Interesting! I've been troubleshooting a very similar issue.

What version of Finit are you using, or are you on the bleeding edge as myself?

JackNewman12 commented 1 year ago

The latest release v4.3.

I must note that I had to create the /var/run/finit/cond/usr folder myself to get usr conditions working. I wonder if something similar is happening with service folder. I'll have a peek today.

Any thoughts as to where I should be looking or extra debug to enable?

troglobit commented 1 year ago

OK. There are changes related to this coming up in v4.4 that I hope to release soon.

The usr conditions folder is created by the initctl tool, those conditions aren't really supposed to be managed by anything else.

Before we rush ahead with going into the code. Maybe you can tell me a little bit more about MYSERVICE and what you expect Finit to do, and also what are you doing from the outside? Is it a forking daemon, is it expected to crash (I see the signaled: 1 flag going up), or are you in some of the cases above killing the daemon to test it or Finit's restart mechanism?

The particular code in question starts here: https://github.com/troglobit/finit/blob/f483a8aeaa406ad8980ebe27ef46cb5135e89cb3/src/service.c#L1970-L1981

JackNewman12 commented 1 year ago

The usr conditions folder is created by the initctl tool, those conditions aren't really supposed to be managed by anything else.

Yes, although I would expect it to create that folder when required instead of failing. Adding the -create flag to the tool does not fix this. Either way adding a mkdir to a startup script is an easy fix.

Maybe you can tell me a little bit more about MYSERVICE

This bug actually applies to all of our daemons. I've been attempting to switch our (very old) init system over the finit to give us some more powerful features. In this case you can imagine a simple daemon that just sits there and does some Tx/Rx data from Ethernet/Serial/Etc.

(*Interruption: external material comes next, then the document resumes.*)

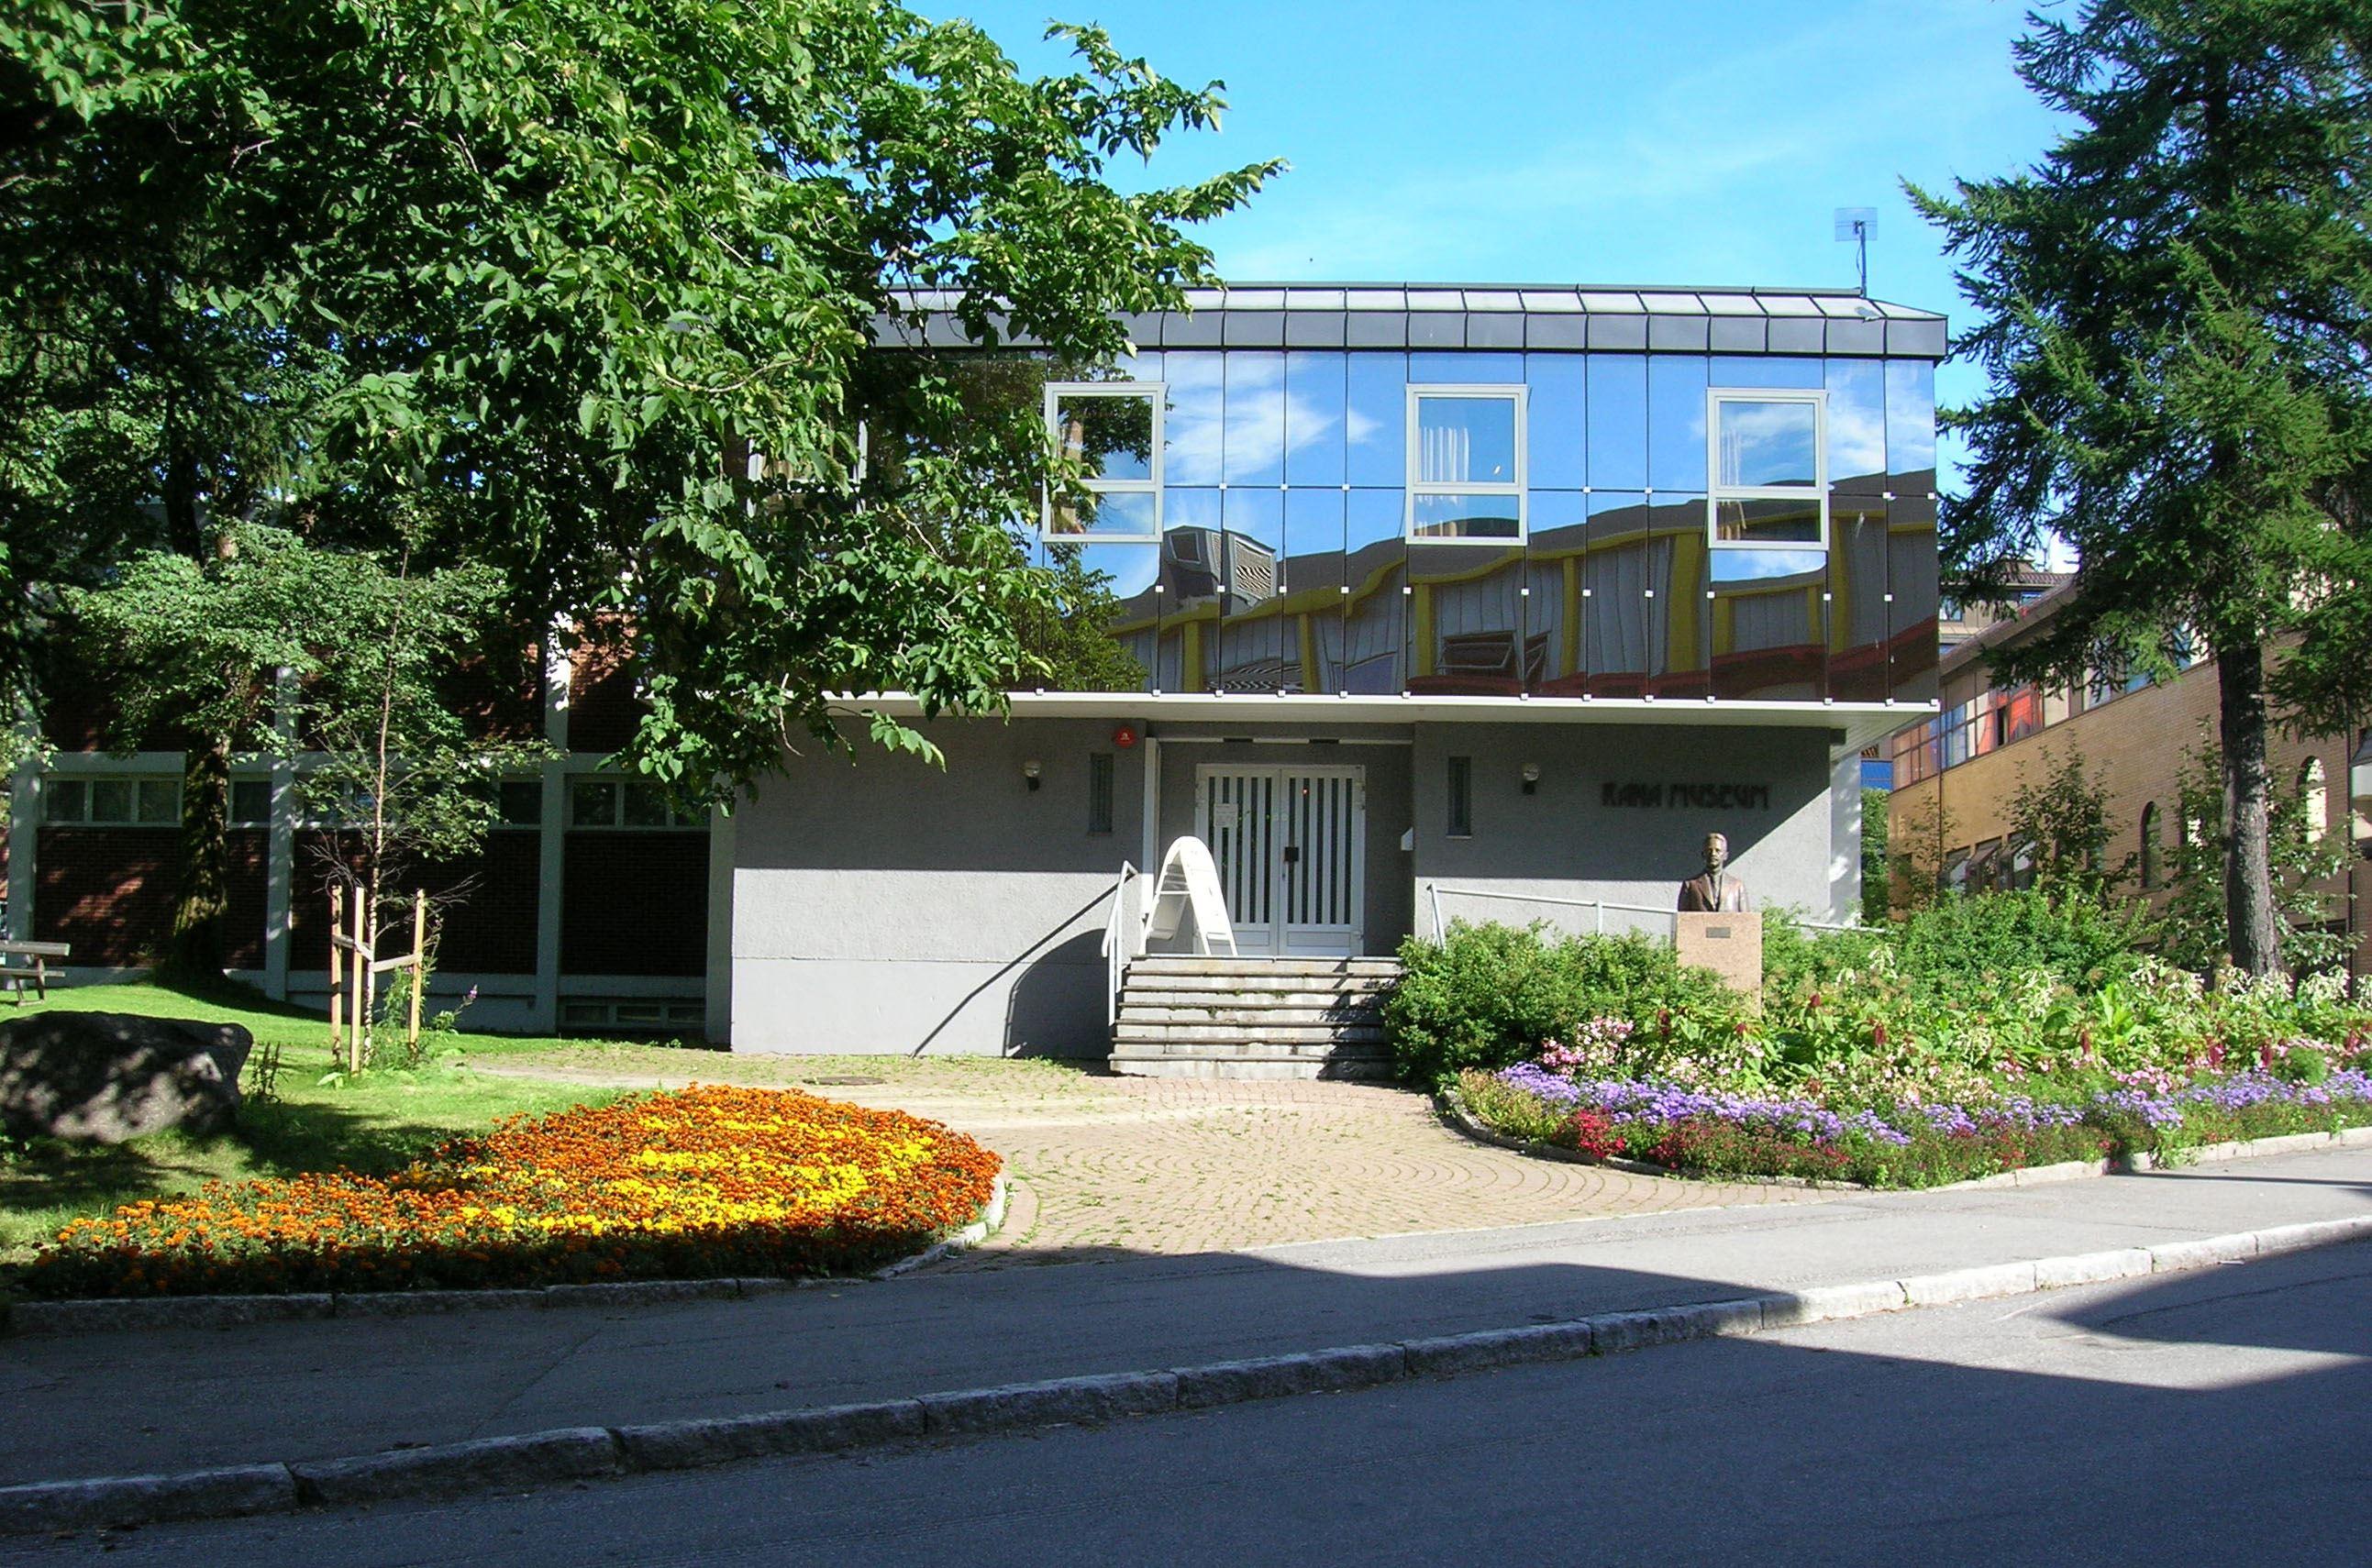 Helgeland Museum avd. Rana

No forking. It was only when I noticed an application was crashing (i.e. the network was down and we didn't handle it) all 10 retries would happen instantly.

and what you expect Finit to do.

For 99% of cases if the daemon is not running, restart it (with a small delay). Nothing too fancy going on, although with finit I expect we will add some extra conditions like network up/down, service to service dependency, etc.

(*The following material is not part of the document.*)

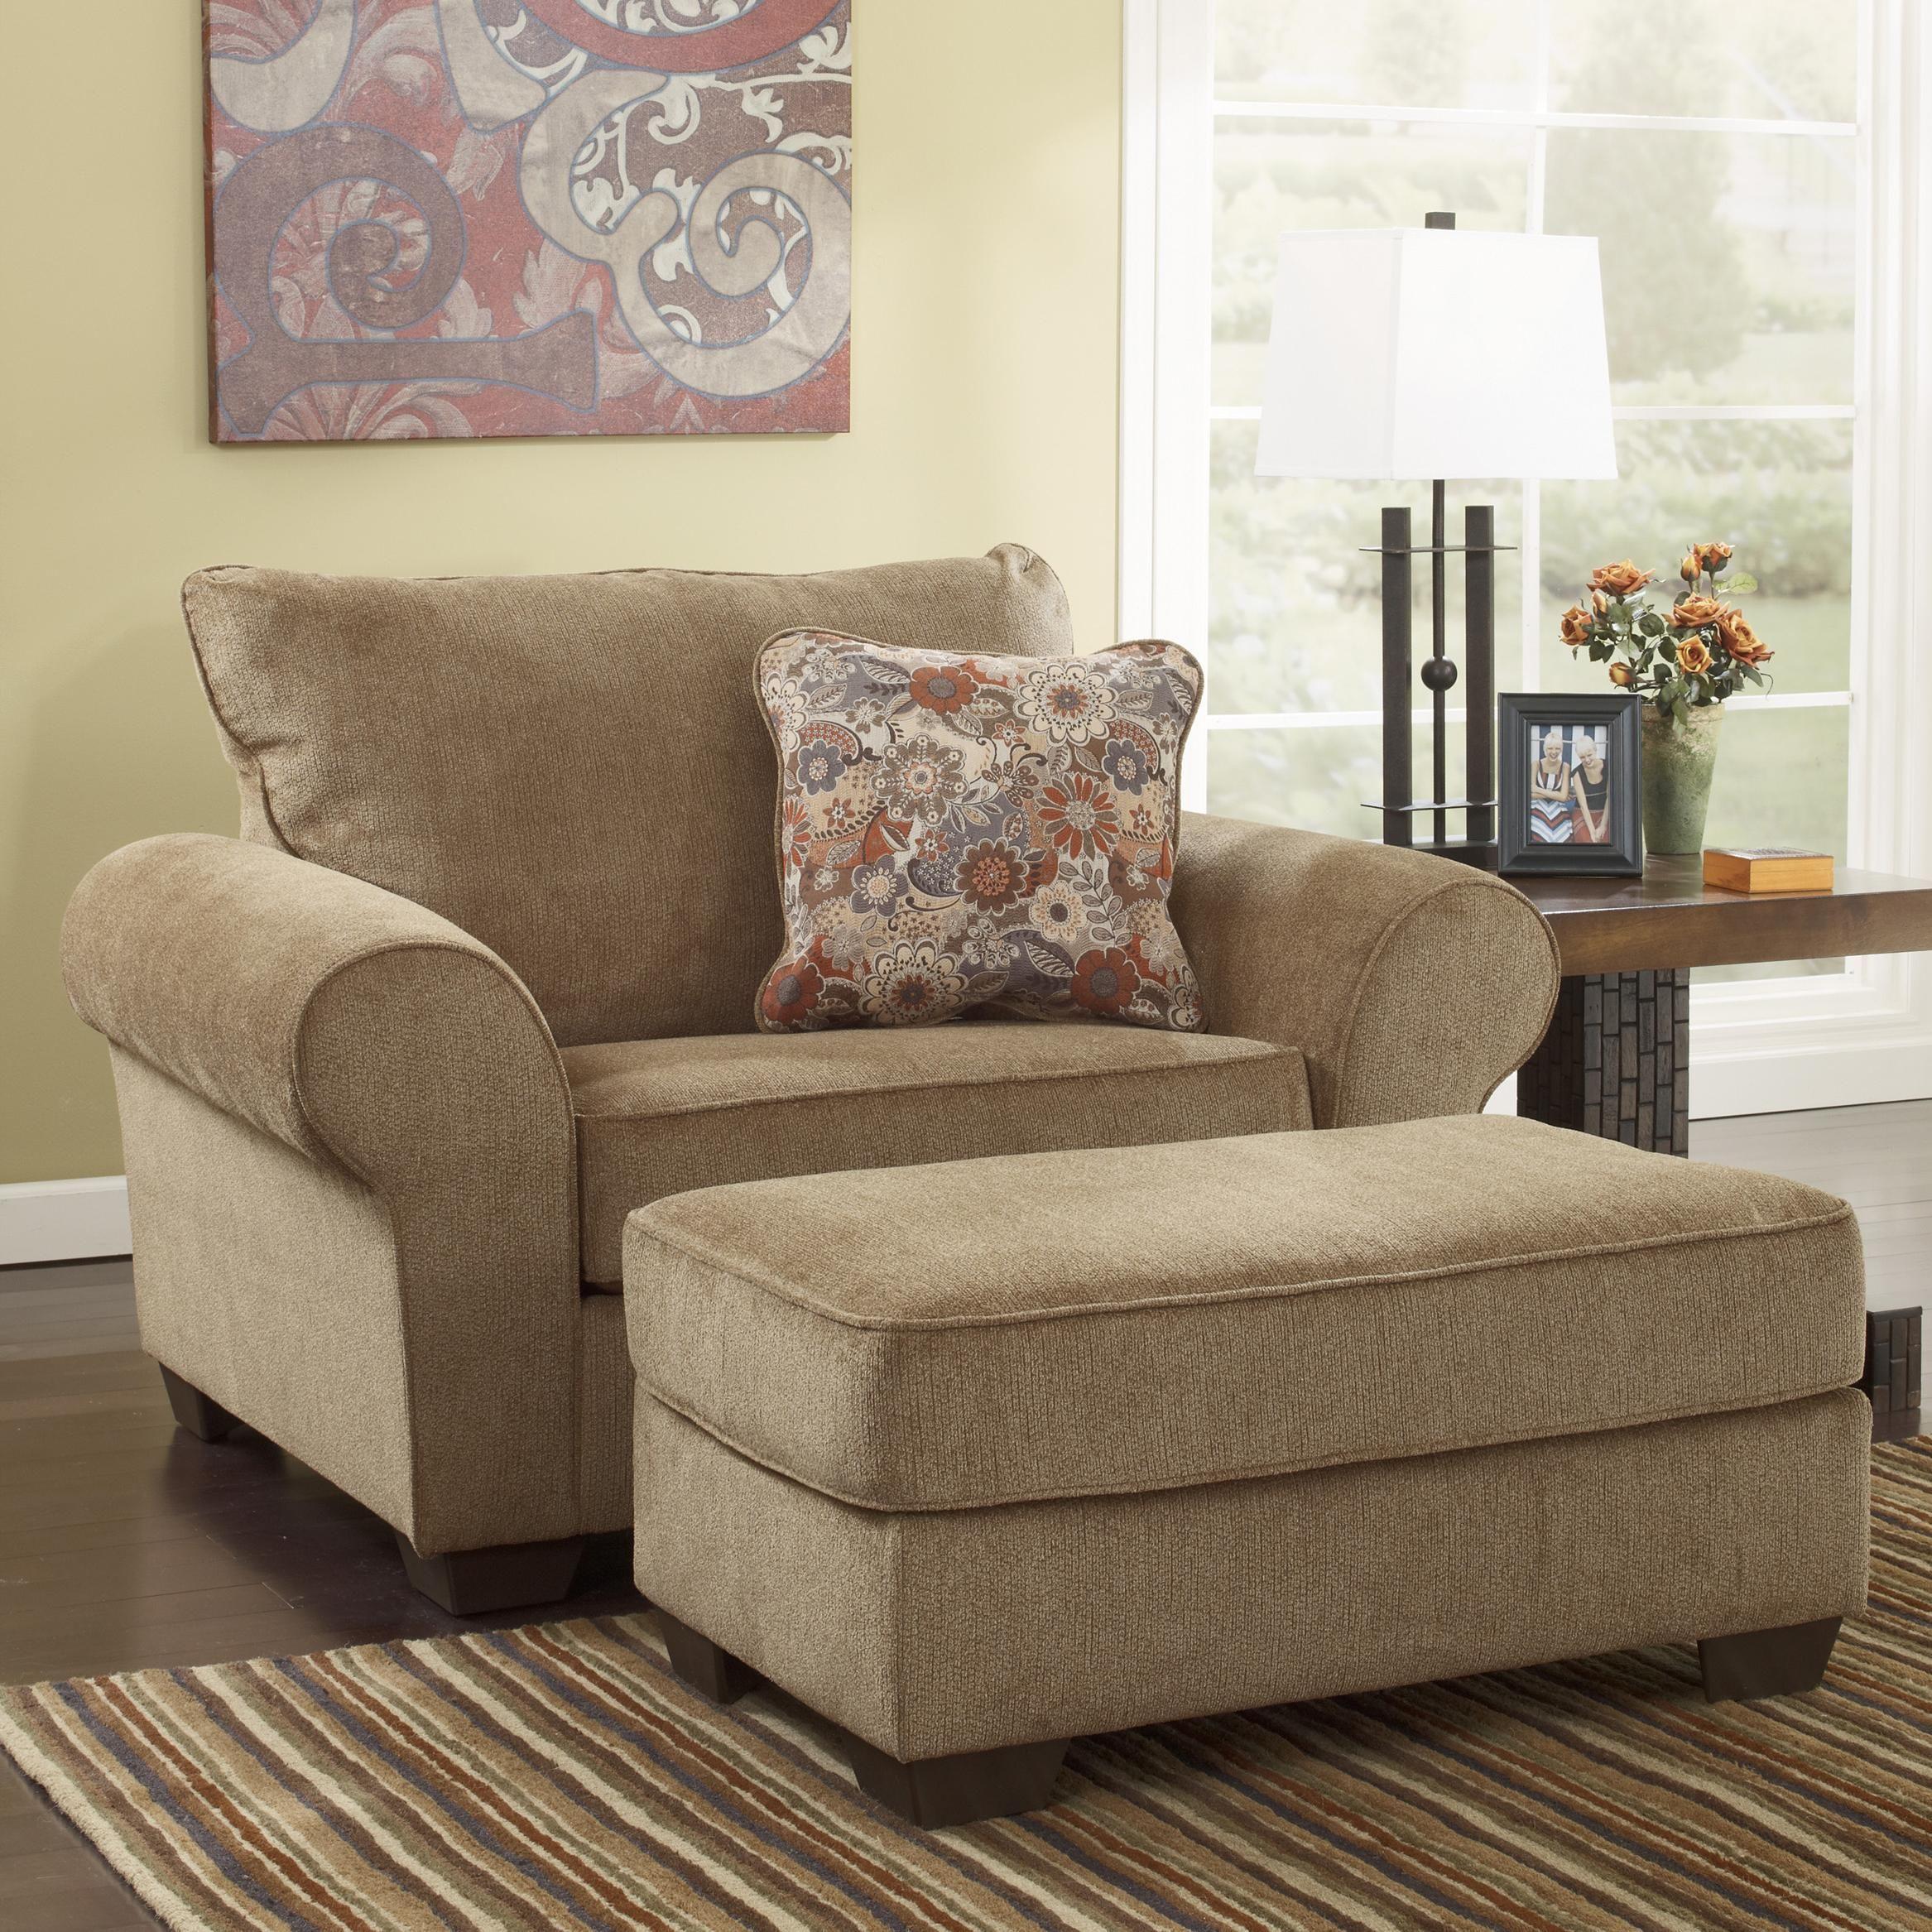 Hariston Shitake Sofa | Home Design Ideas and Inspiration

is it expected to crash (I see the signaled: 1 flag going up), or are you in some of the cases above killing the daemon to test it or Finit's restart mechanism?

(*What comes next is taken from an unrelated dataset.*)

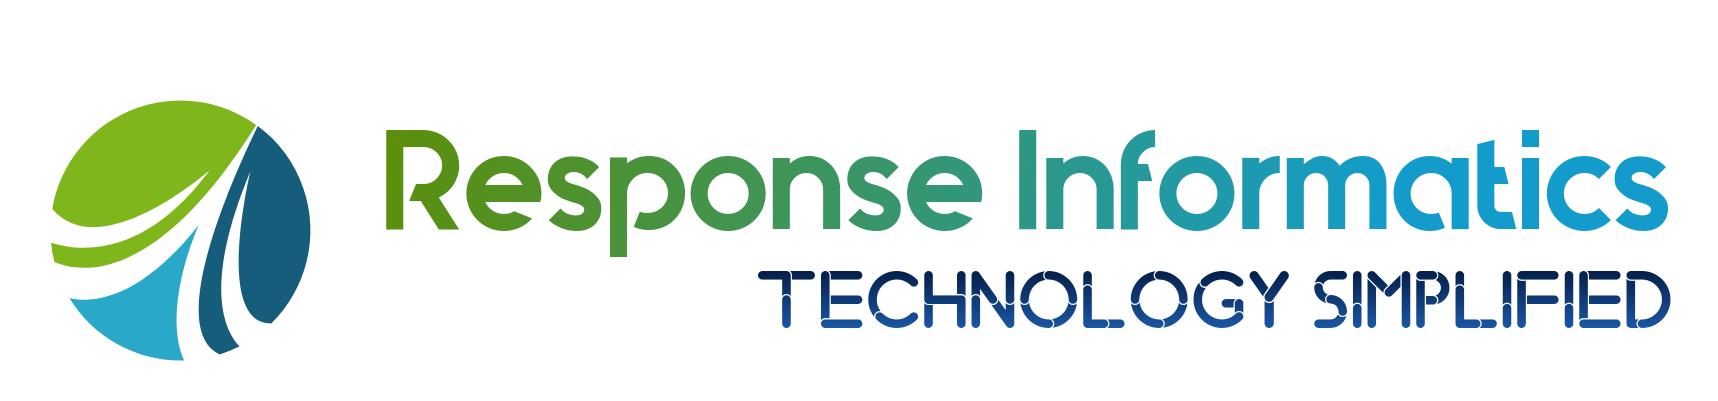 Response Informatics Inc

In the example above I was just killing the daemon manually using kill MYSERVICE to test Finit's restart mechanism.

I didn't have much time today but it seems to do what I would expect. A service_timeout(service_retry) gets set for X seconds in future but the bottom of the service_step() loop causes it to keep jumping into the next state running-> restart -> halted -> ready. I would have expected once this callback gets set that it returns early so that the callback ends up doing the work. https://github.com/troglobit/finit/blob/f483a8aeaa406ad8980ebe27ef46cb5135e89cb3/src/service.c#L2063-L2067

troglobit commented 1 year ago

Thanks for the quick follow-up, was not expecting that! Very much appreciate some background and where-you're-at status :smiley:

Be aware that Finit use a lot of fairly modern kernel features sometimes people run into issues because of having an older kernel or missing some kernel config options.

OK, I'll look into the usr condition thing as a separate issue if I can reproduce it.

The initial delay, like you saw, very short. But then it should work as you say ... the service_retry() callback should handle the delay. Unless my mind's slipping and I've forgotten something obvious. I'll have a look at it during the day to see what I can find out.

JackNewman12 commented 1 year ago

Be aware that Finit use a lot of fairly modern kernel features sometimes people run into issues because of having an older kernel or missing some kernel config options.

We are using 5.4 IIRC. Is there a list of these kernel features I need to enable? We run a pretty minimal build. I don't see any errors from finit at boot, except missing support for cgroupv2.

Thanks for the support!

troglobit commented 1 year ago

That remains to be documented unfortunately, but all the new eventfd/signalfd/etc. and DEVTMPFS ... the best I can do meanwhile is to give you this: https://github.com/troglobit/myLinux/blob/main/board/amd64/linux_defconfig

Finit can take care of bootstrapping a pretty bare rootfs using, e.g., the bootmisc.so plugin (many plugins started out as optional but are now mandatory, this is one such). There are some more pointers in myLinux if you're curious.

and https://github.com/troglobit/myLinux/blob/main/board/common/busybox_defconfig, if you're on an embedded system with BusyBox. Notice BusyBox must not be built with CONFIG_MODPROBE_SMALL.

troglobit commented 1 year ago

I believe I have reproduced this issue now. There seems to be at least two cooperating bugs at play here. I'll try to get to the bottom of this over the weekend.

troglobit commented 1 year ago

There, finally found the root cause(s) of this! Thank you for taking the time to report it.

JackNewman12 commented 1 year ago

Thanks for fixing the restart issue! I managed to test it today and it is working.

If I kill an application it will restart instantly, however if I kill it again within a few seconds it will get the expected delay. Waiting for 5 seconds and killing the app will have it restart instantly again.

troglobit commented 1 year ago

Thank you for taking the time to test again! :)

Yeah, this is by design. We don't want to penalize a single crash, which could be attributed to startup issues. The intention is to increment the delay if the service crashes continuously -- so we track the number of crashes (per some period of time).